What troubles me equally is the response of other Arctic states, Canada included. We have rightly affirmed Greenland’s sovereignty but have said little about how to protect it through collective mechanisms. There has been scant appetite to think creatively about strengthening Arctic cooperation as the old rules strain. We have not yet rallied the Arctic Council or imagined new forms of collaboration to reinforce decades-old norms.

The answer is not to abandon the Council, but to build alongside it. Canada should lead a diplomatic initiative with the Nordic states—Denmark (including Greenland), Iceland, Norway, Sweden, and Finland—to create a complementary forum focused on strategic stability, civilian security, and reinforcing norms. This would not be a military alliance or a NATO substitute.

It would be a platform where Arctic states committed to a liberal international order can speak with one voice, name destabilizing actions, and reaffirm a foundational principle: that sovereignty in the Arctic is best protected through cooperation, transparency, and law—not through pressure and rhetoric.

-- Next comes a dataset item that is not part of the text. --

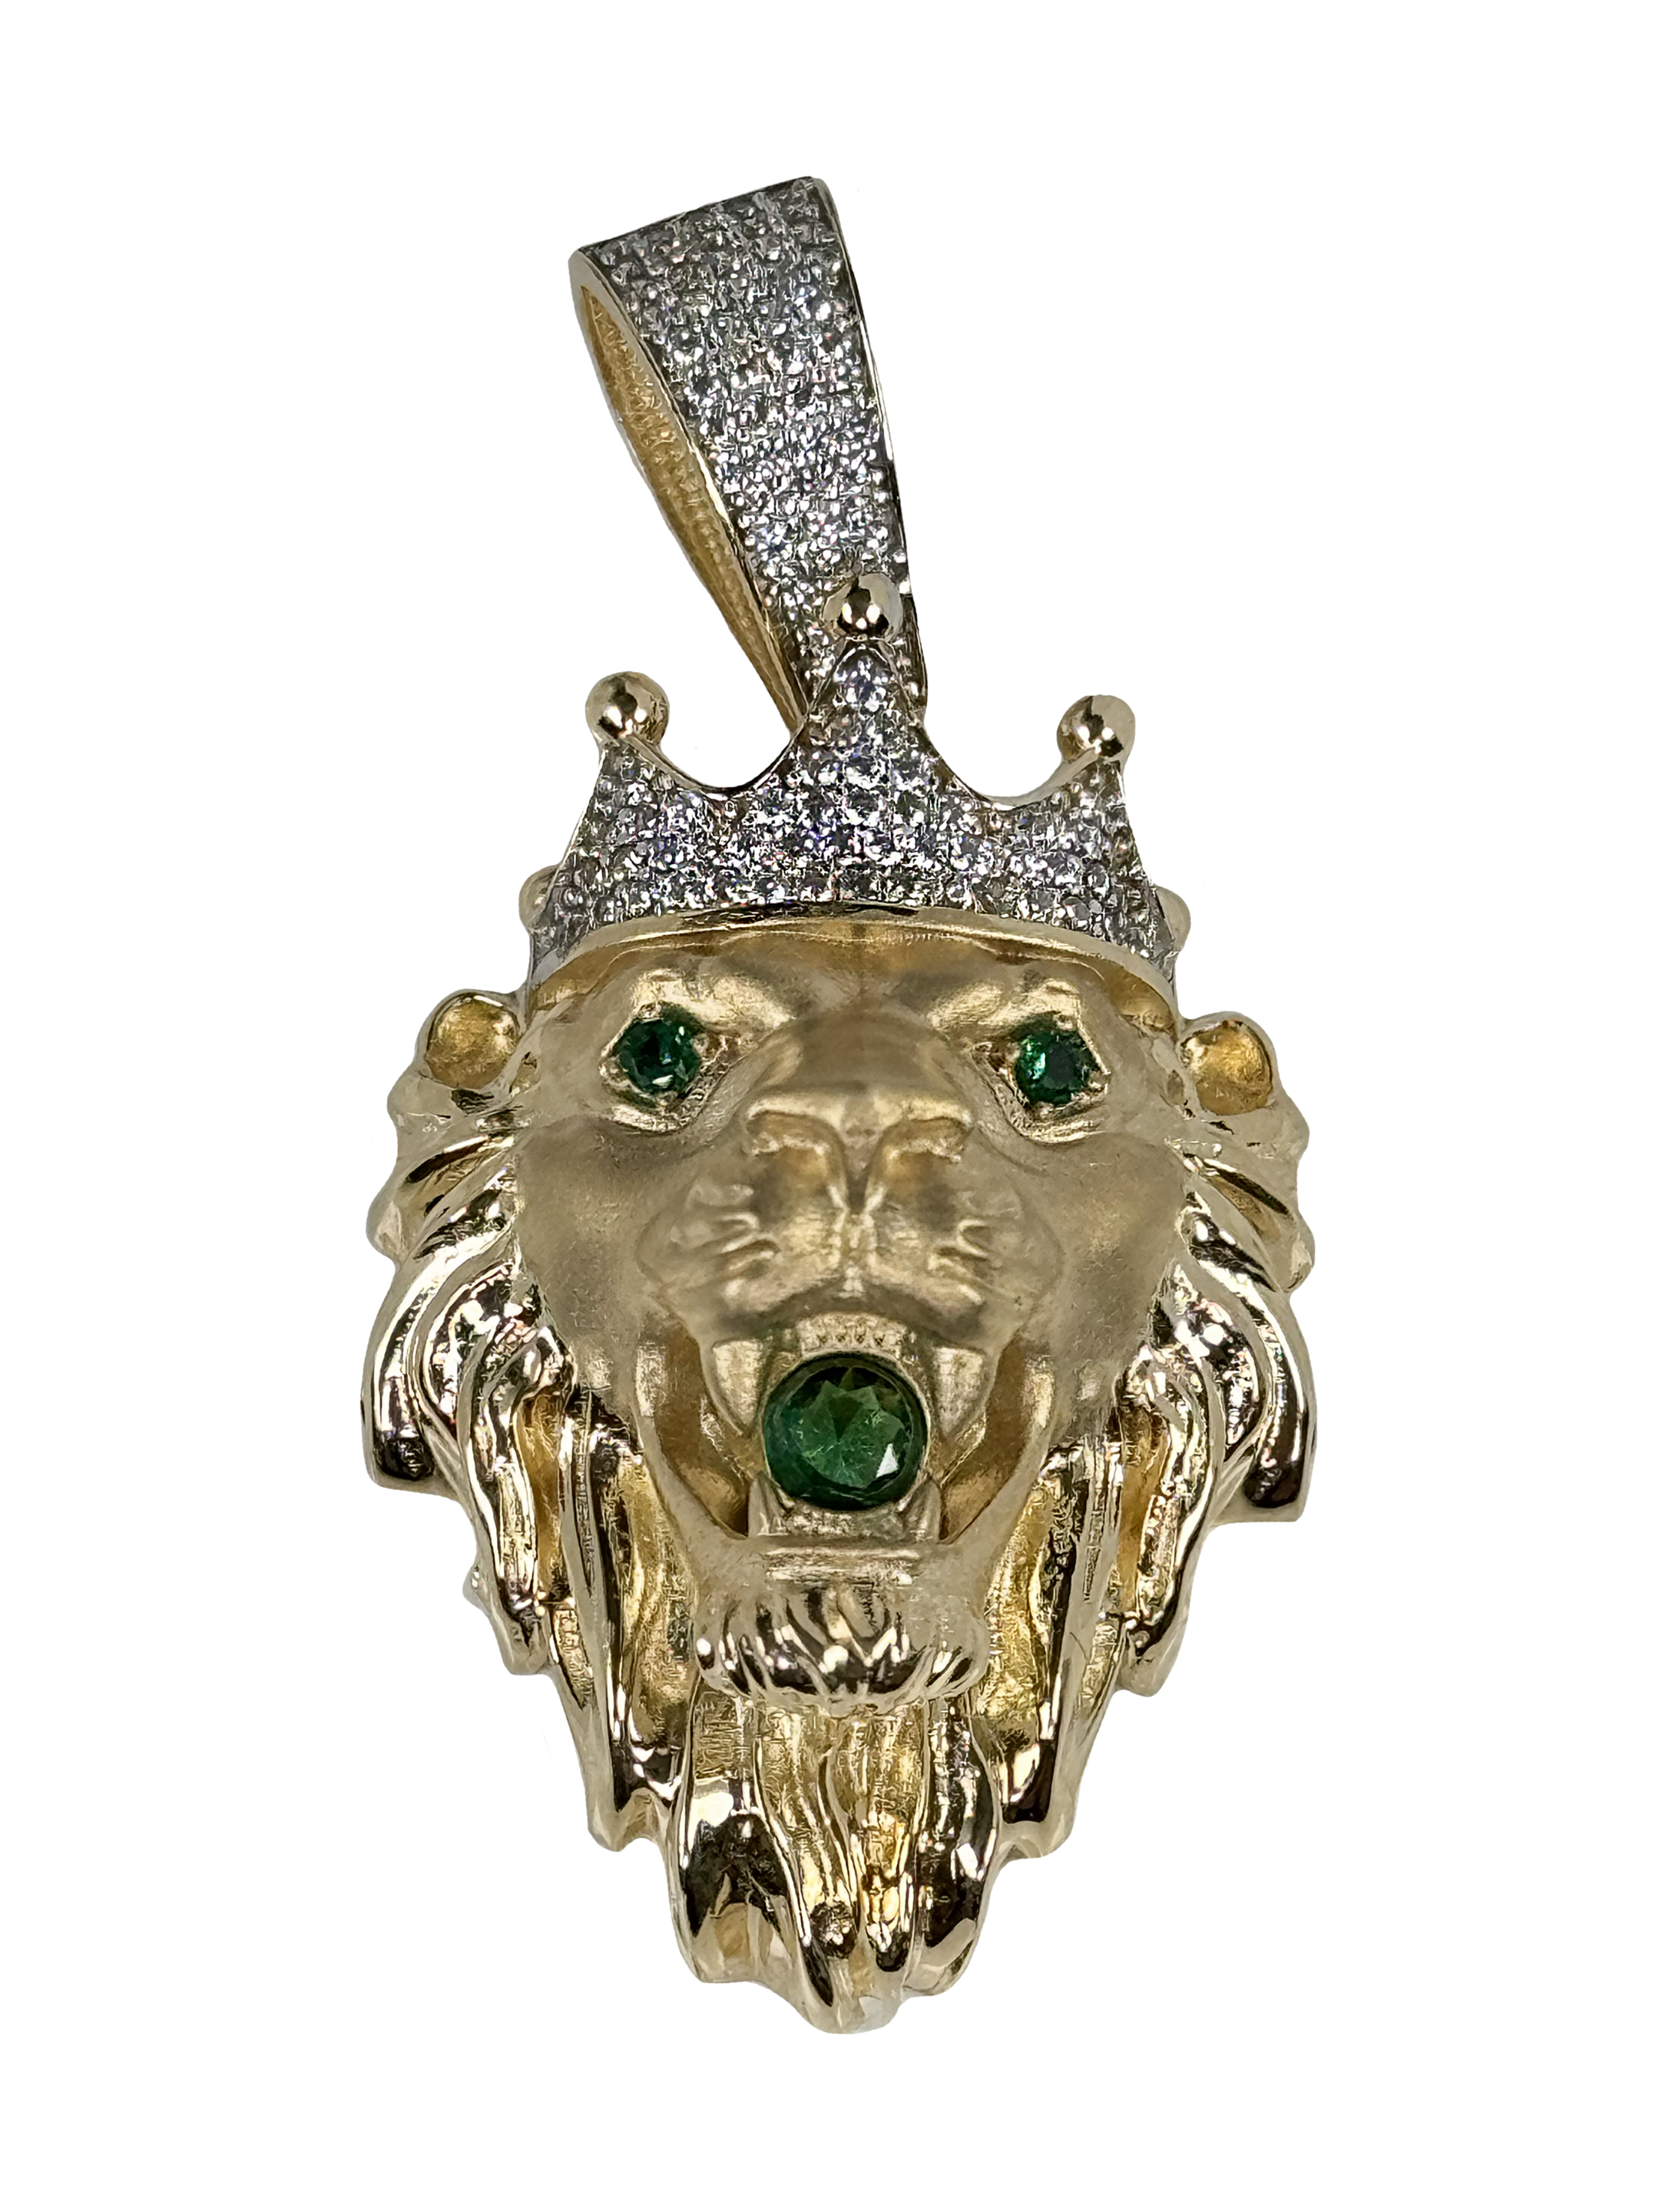 Zlat obesek z znakom leva s krono in zelenimi cirkoni

Crucially, this new forum must carry forward the Council’s seminal innovation: institutionalized Indigenous participation as Permanent Participants. If we learned anything in Luleå, it is that legitimacy in the Arctic flows from inclusion. Narrowly defined state security misses the point. Human security—the safety, rights, and voice of Arctic peoples—is what gives sovereignty its enduring meaning.